COVID-phobia can get you before COVID does

Simpson had seen constant changes in her blood pressure readings along with a fluctuating heart rate. After struggling with heart failure for 15 years, undergoing a double bypass, and living with an implanted pacemaker and defibrillator, she was really worried. But fear about being infected with the novel Coronavirus, and terrifying experiences in emergency rooms, had her refusing to return to the hospital. “If there was no Coronavirus, there was no question, I’d go immediately,” she said.

She is not alone. A survey of nine major hospitals earlier this month showed the number of severe heart attacks being treated in US hospitals dropping by nearly 40% since the novel Coronavirus took hold in March, leaving cardiologists worried about a second wave of deaths caused “indirectly” by COVID-19.

In other words, patients afraid to enter hospitals die at home or wait so long to seek care that they end up suffering massive damage to their hearts or brains. According to the study, patients with life-threatening conditions are no longer seeking treatment in large numbers. COVID-phobia has obviously been keeping people with serious heart and brain symptoms away from ERs (emergency rooms) what doctors now call  the “virus of fear”.
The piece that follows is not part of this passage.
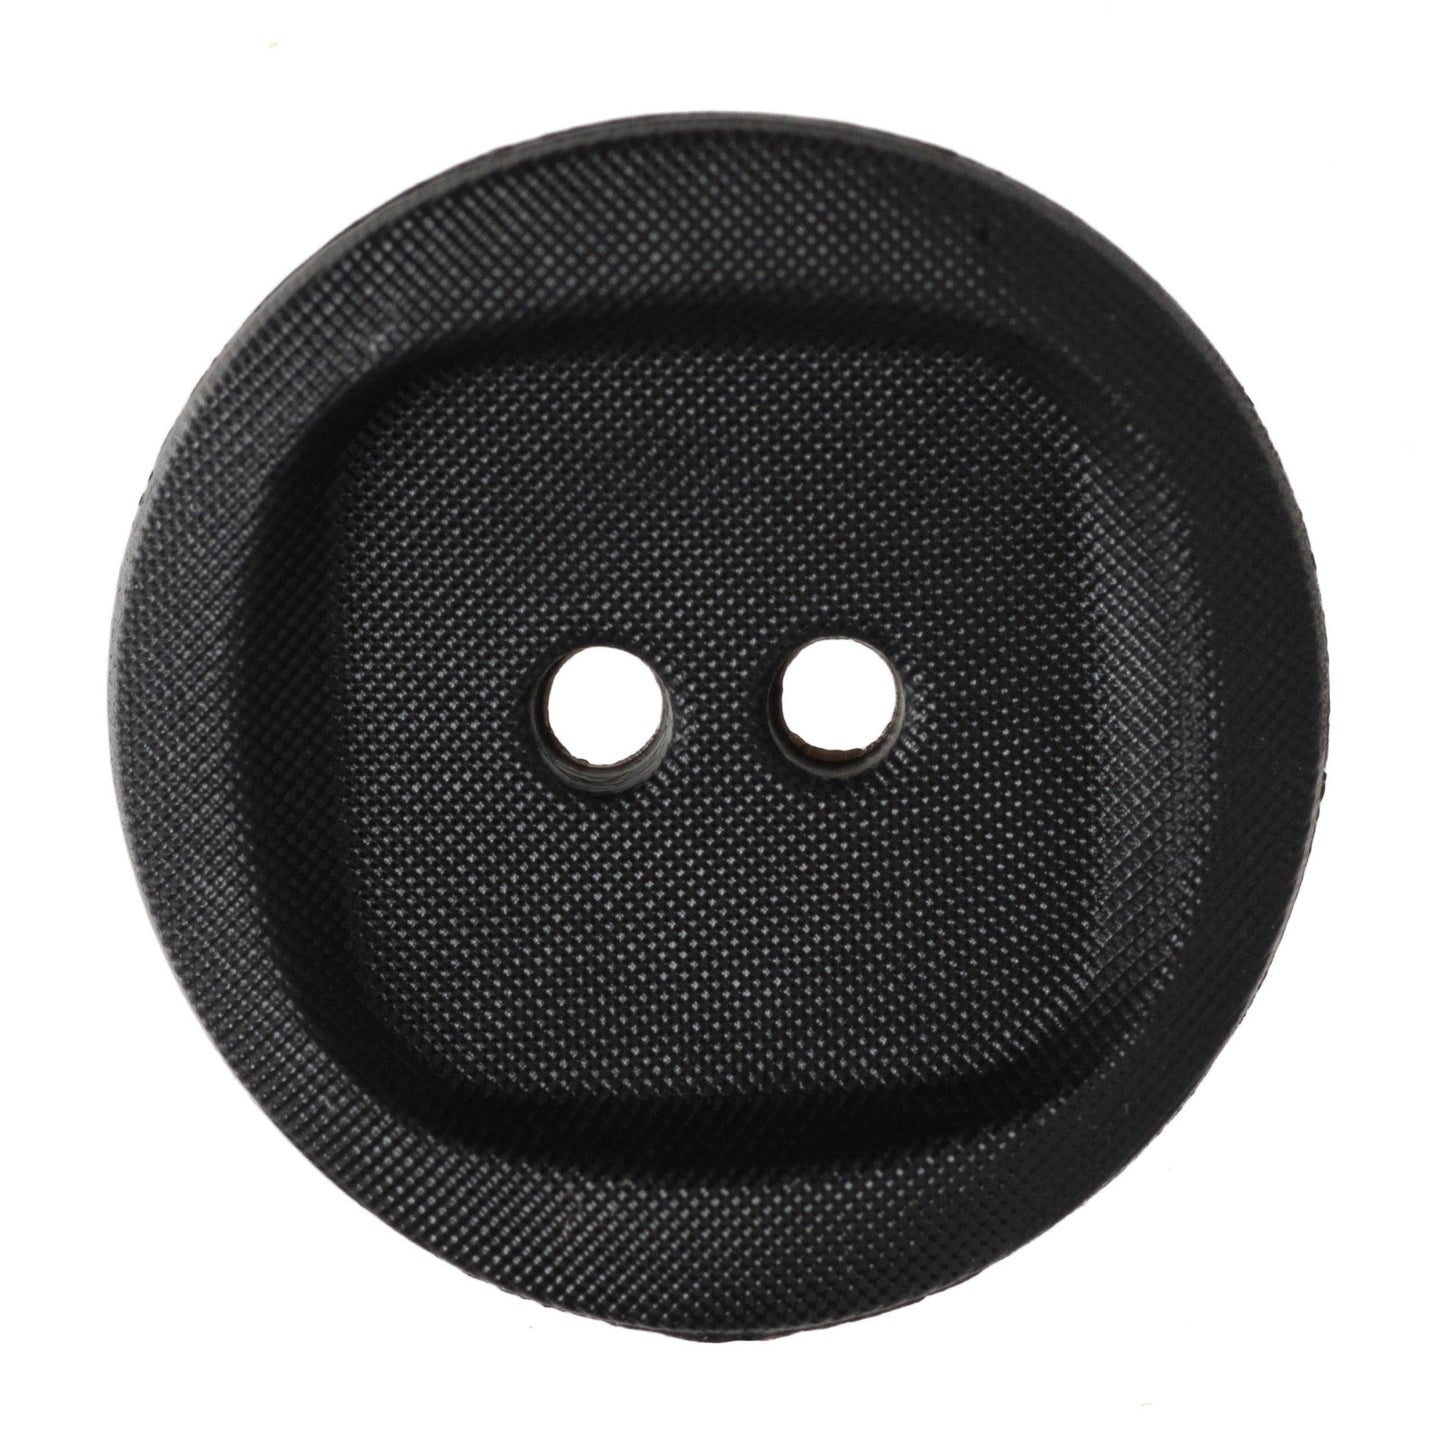 2 Hole Wavy with Square Insert Button - 20mm - Black [LD6.3]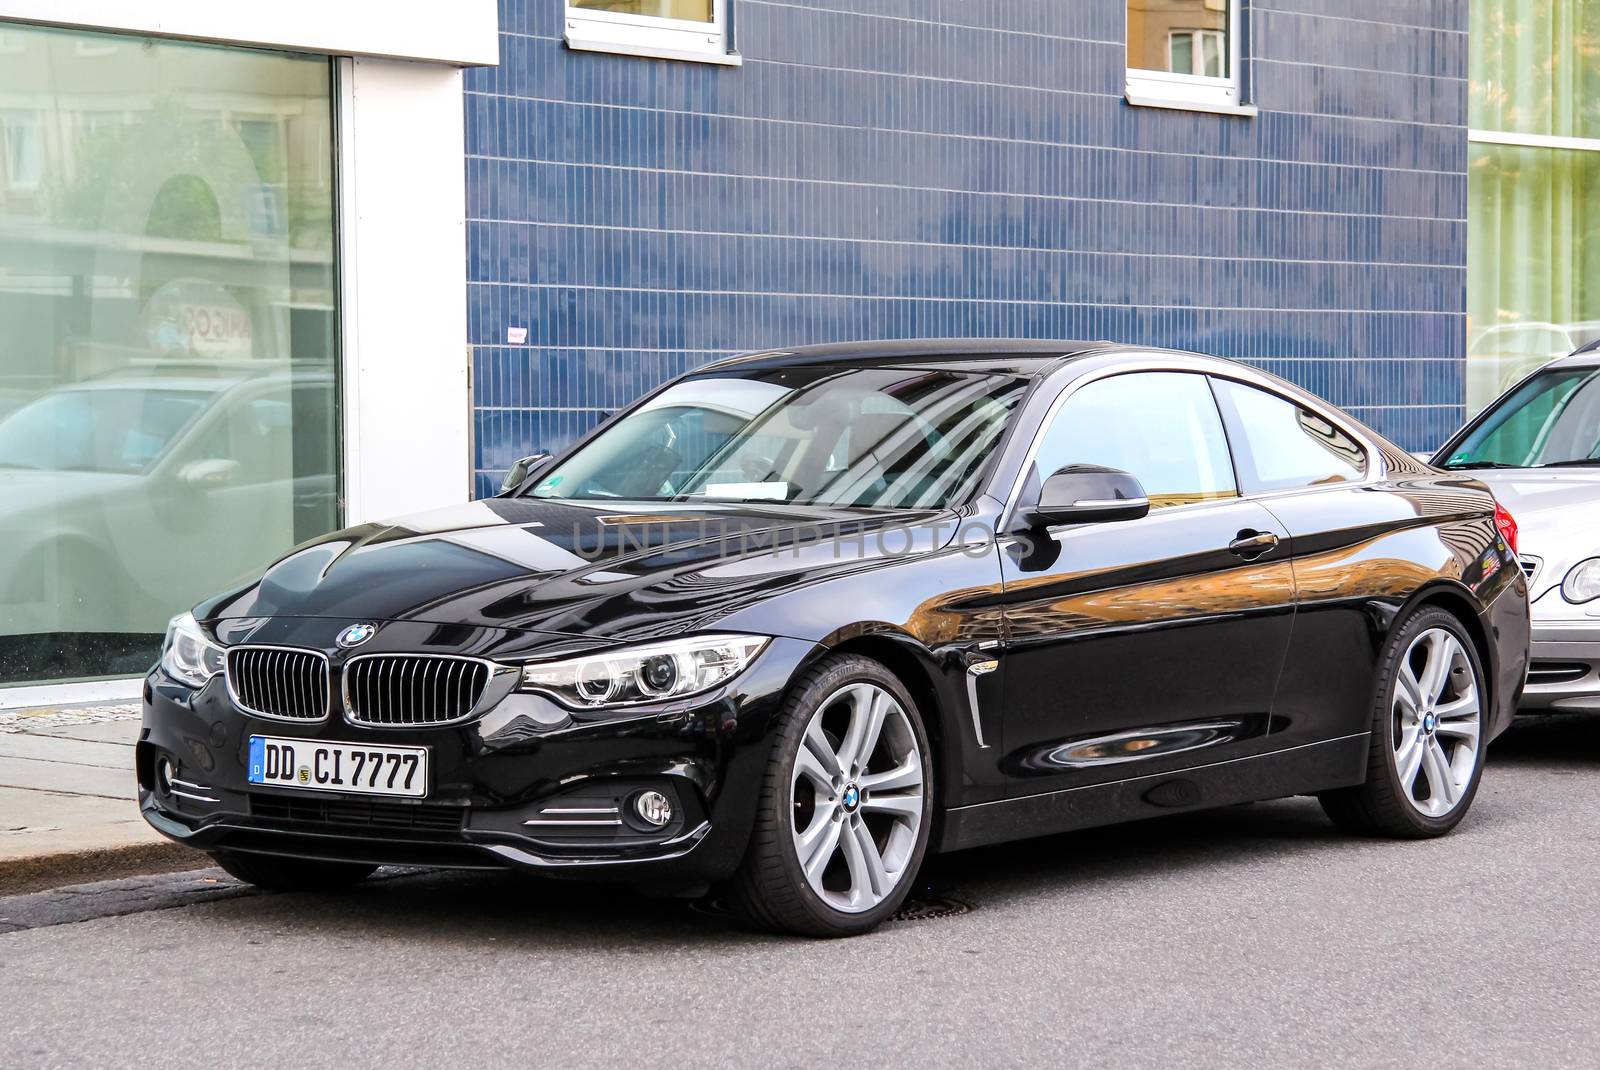 DRESDEN, GERMANY - JULY 20, 2014: Black sports car BMW F32 4-series at the city street.

It’s not just the United States. Dr Valentin Fuster, editor of the Journal of American College of Cardiology, said he is getting so many papers from around the world on the steep decline in heart attack patients in hospitals that he simply cannot publish them all.

Closer home, a hospital in Jaipur, treated 45 heart attack patients in January. In February, there were 32, and in March, 12. In April, so far the number is just six.

Elkind, an attending neurologist at New York-Presbyterian, a hospital at the epicenter of the current pandemic that’s operating at surge capacity, with Covid-19 patients filling makeshift ICUs throughout the facility admits that the stroke unit, too, has been oddly quiet.

“People with stroke symptoms really need to know they should come in for treatment immediately to limit brain damage and severe paralysis, but don’t,” he said.

The steep reduction in patients coming to hospitals is puzzling, even shocking, to many clinicians. Some have floated the idea that aspects of the pandemic shutdown, including a decline in air pollution, fewer heavy restaurant meals, and less exertion from work might be leading to a reduction in heart attack and stroke incidence. But others caution that even if these factors exist, they are outweighed by the stress, isolation, lack of regular exercise, and higher intake of processed foods resulting from stay-at-home urge.

The main reason for the drop in patients, Dr. Elkind agrees is “fear”. “I think patients are scared to be exposed. Their perception is that hospitals are “hotbeds” for exposure and contamination.” 

The danger to patients from delaying treatment is so extreme that leaders of major heart organisations are responding with outreach programs to encourage patients to come in early for treatment. A cardiologist from Connecticut tweeted that his 50-year-old brother died of a heart attack, at home alone. “Not COVID positive but COVID-phobic,” he regretted.

Cardiologists say they understand the fear among their patients with heart disease is because they have been told since the start of the pandemic that they are at the highest risk of complication and death if they do contract the new virus. Now, they worry that the cautionary public health messaging may have been “too effective”. 

“We want them to stay at home and be socially distant. But we didn’t mean stay at home if you’re having symptoms of a heart attack or stroke,” said Gulati, who also serves as editor of the American College of Cardiology’s patient education portal CardioSmart. “We want to keep patients safe, but we also want to keep them alive.”

There is the erroneous perception that there are no resources or staff to provide urgent or emergency care for non-COVID patients or that everything is deferred. That is wrong. And the deferral of care with heart failure can be deadly.

Today, hospitals have better procedures in place to segregate COVID-19 patients from the rest of the population. There are different units, different floors, and different staff for non-COVID-19 patients now. Patients should not be afraid to come in for care when they need. Globally, we are going to see adverse trends in cardiovascular deaths due to our patients not seeking care because of COVID-19.

Many are working to spread awareness of heart disease through a support group called Heart Sisters, urging anyone with heart symptoms to call 911 with the message “You need to go assured that emergency rooms are working hard to prevent exposure to the corona virus”. Closer in India, the authorities must make concerted efforts to dispel the stigma around COVID-19.

All said and done COVID-19 has thought us a lot about life… and death. First, shared adversity can foster a sense of community and affinity with others that can be masked in normal times. Second, even as we like to think we are masters of the world, now nature in the form of a tiny virus, is giving us a taste of our own medicine. Finally, facing up to mortality also has some simple practical implications. Death’s lesson is more than all about the limits we can exercise to control over our own life. 

It’s true, COVID-19 is highly infectious. But its mortality rate is still low. Phobia makes the disease bigger, forcing us into counterproductive overreactions.

(Dr. Francisco Colaço is a seniormost consulting physician.)